Personal information
- Full name: Horacio Gabriel Carabajal
- Date of birth: 9 December 1990 (age 35)
- Place of birth: Lozada [es], Argentina
- Height: 1.78 m (5 ft 10 in)
- Position: Attacking midfielder

Team information
- Current team: Cusco FC
- Number: 27

Youth career
- Central Río Segundo
- Mitre de Pérez

Senior career*
- Years: Team / Apps / (Gls)
- 2009: Patriotas / 16 / (1)
- 2010–2016: Talleres / 84 / (9)
- 2015: → Univ. San Martín (loan) / 20 / (0)
- 2016: → Godoy Cruz (loan) / 7 / (2)
- 2016–2018: Godoy Cruz / 7 / (0)
- 2017–2018: → San Martín-SJ (loan) / 21 / (2)
- 2018–2019: Patronato / 24 / (6)
- 2019–2021: Unión Santa Fe / 21 / (2)
- 2021: → Argentinos Juniors (loan) / 32 / (4)
- 2022: Argentinos Juniors / 27 / (3)
- 2022–2024: Santos / 11 / (1)
- 2023: → Vasco (loan) / 6 / (0)
- 2023–2024: → Puebla (loan) / 15 / (0)
- 2024: Newell's Old Boys / 12 / (0)
- 2025: Sarmiento / 14 / (2)
- 2025: Quilmes AC / 11 / (2)
- 2026-: Cusco FC / 0 / (0)

= Gabriel Carabajal =

Argentine professional footballer

Horacio Gabriel Carabajal (born 9 December 1990) is an Argentine professional footballer who plays as a midfielder for Cusco FC.

==Career==
===Early career===
Born in Lozada, Province of Córdoba, Carabajal played youth and amateur football for local side Club Atlético Central Río Segundo and Club Mitre de Pérez before receiving an offer from Colombian Categoría Primera B side Patriotas in 2009. He made his senior debut for the club during the season, and scored his first senior goal on 25 March of that year, netting through a penalty in a 3–2 away loss against Atlético Bucaramanga.

===Talleres===
Upon returning to Argentina, Carabajal remained four months without a club before going on a trial period at Talleres. He was unable to play for a period, after having troubles with his documentation, and only made his debut for the side on 4 September 2011, in a 3–1 home win over Sportivo Belgrano. He scored his first goal for the side three days later, in a Copa Argentina 4–1 home success over General Paz Juniors.

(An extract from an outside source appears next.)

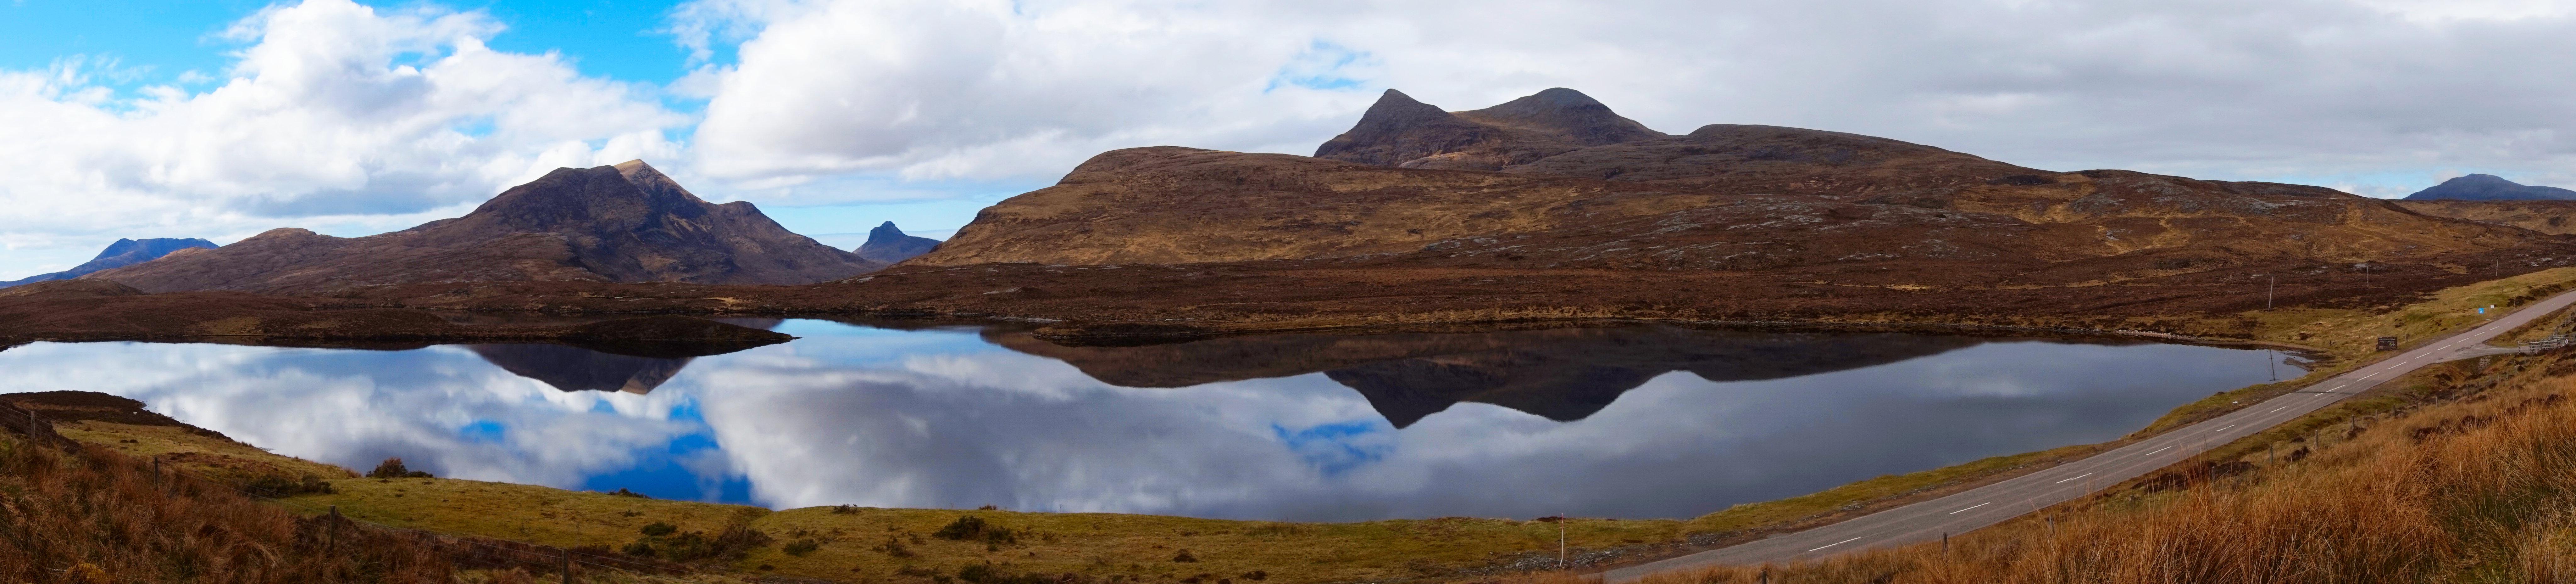 Panorama from Knockan Crag, Assynt, Scotland

Carabajal scored his first league goal for Talleres on 11 March 2012, netting his team's second in a 4–1 home routing of Douglas Haig. He was a regular starter in the club's promotion campaign to the Primera B Nacional, being close to a move to Godoy Cruz in July 2013.

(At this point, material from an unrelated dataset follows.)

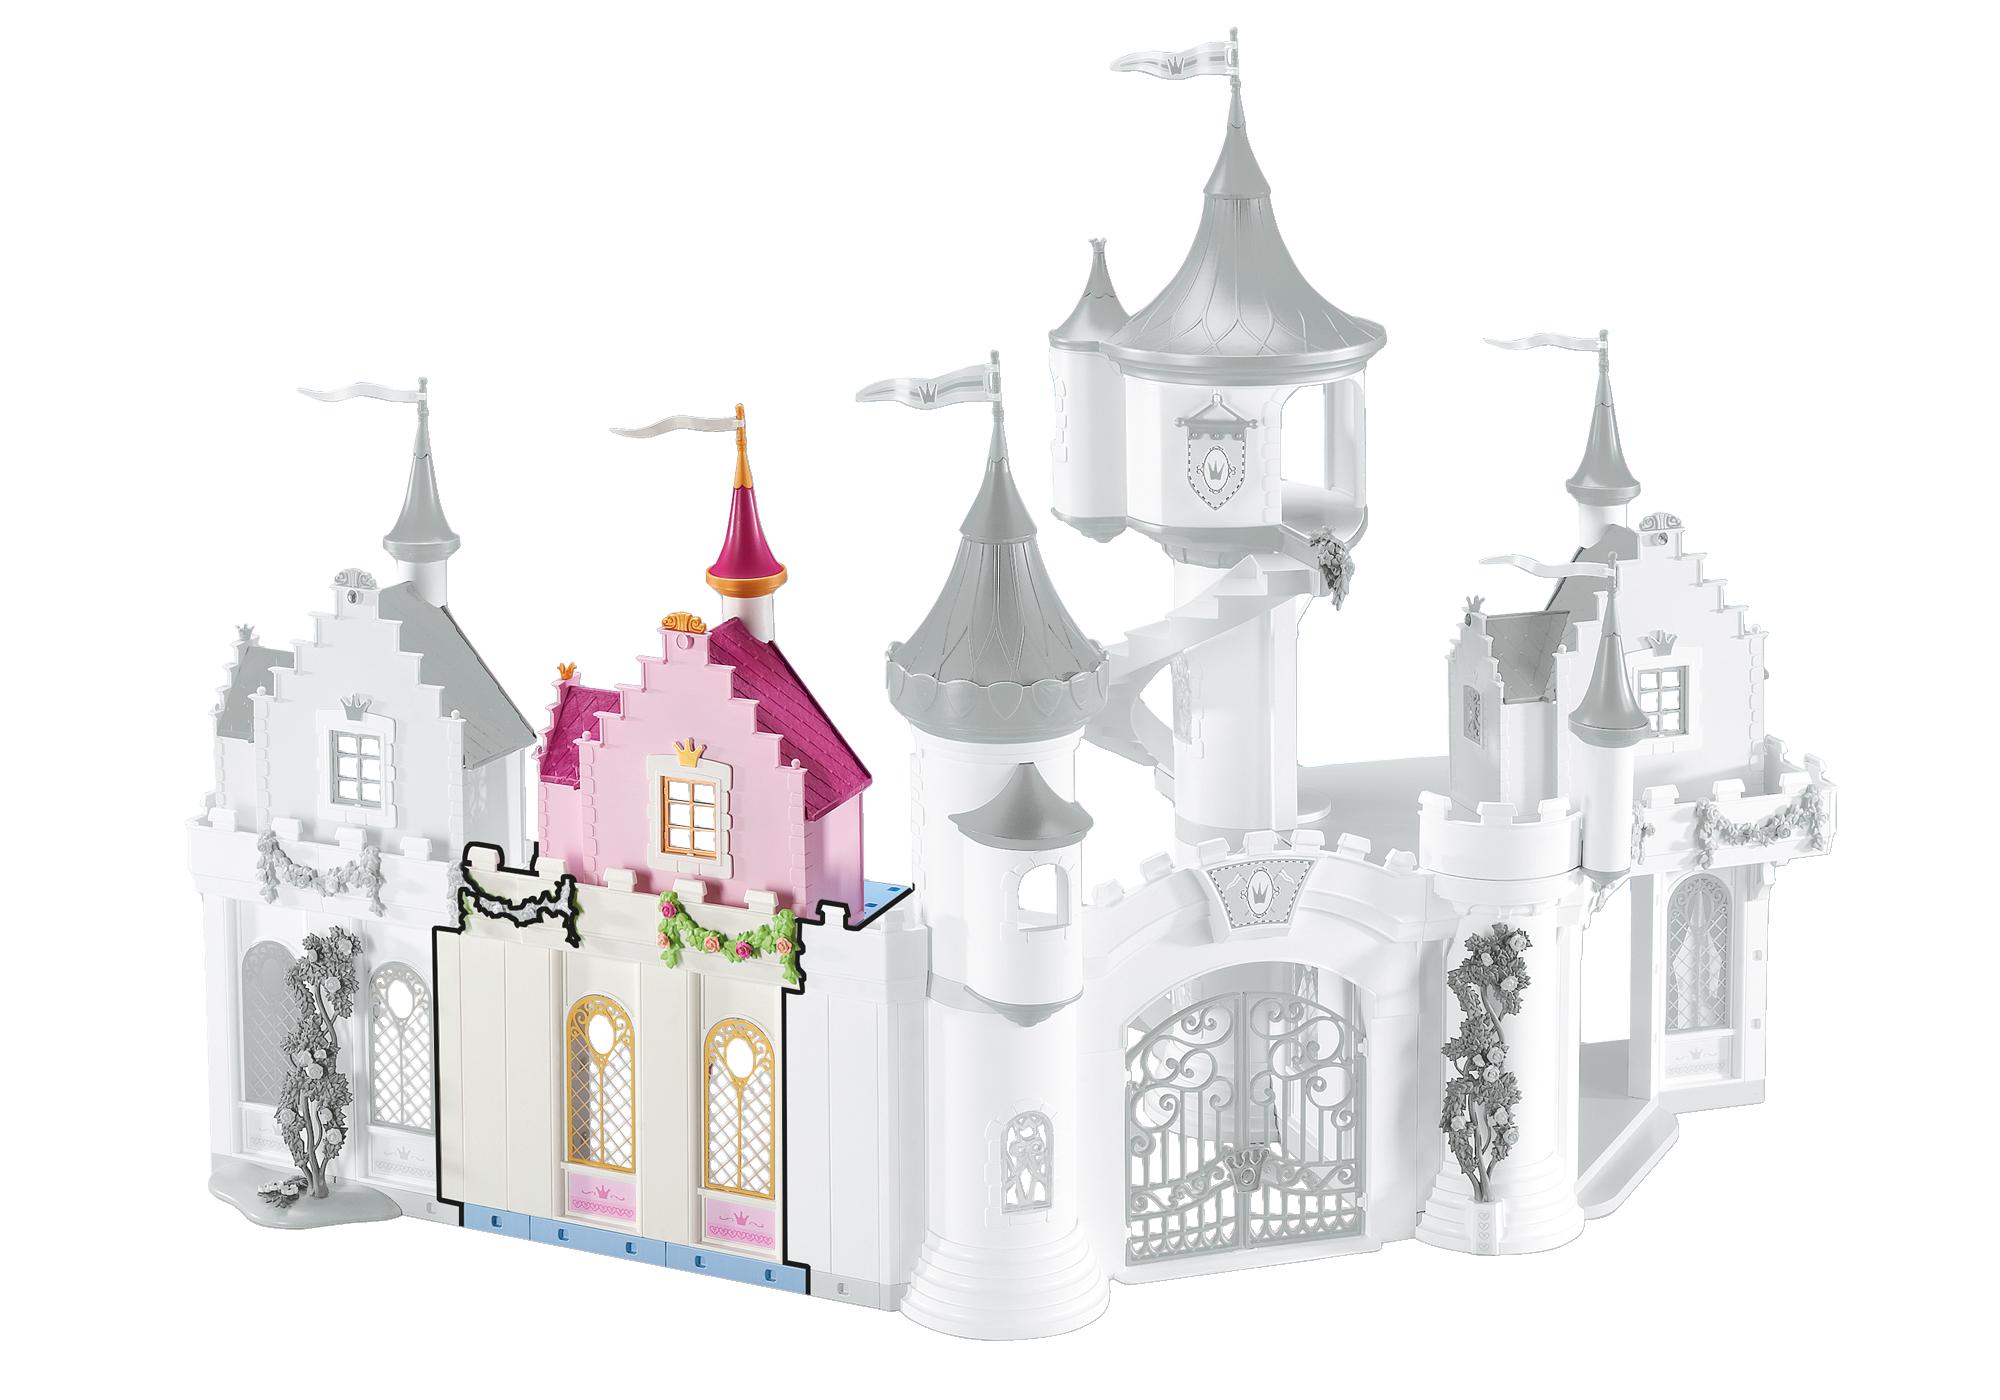 Façade Du0027extension Pour Le Grand Château De Princesse

====Loan to Universidad San Martín====
On 23 January 2015, Carabajal joined Universidad San Martín of the Peruvian Primera División on loan. His debut for Universidad San Martín occurred on 7 February, in a Torneo del Inca win against Juan Aurich, while his league debut came on 2 May, in a 1–1 away draw against Melgar.

Carabajal left the club in December 2015, after one goal in 30 appearances.

===Godoy Cruz===
On 3 January 2016, Carabajal moved to Godoy Cruz in the Argentine Primera División on loan for 18 months. He started his career at the club by scoring twice in seven appearances, before being sidelined for two months due to an injury.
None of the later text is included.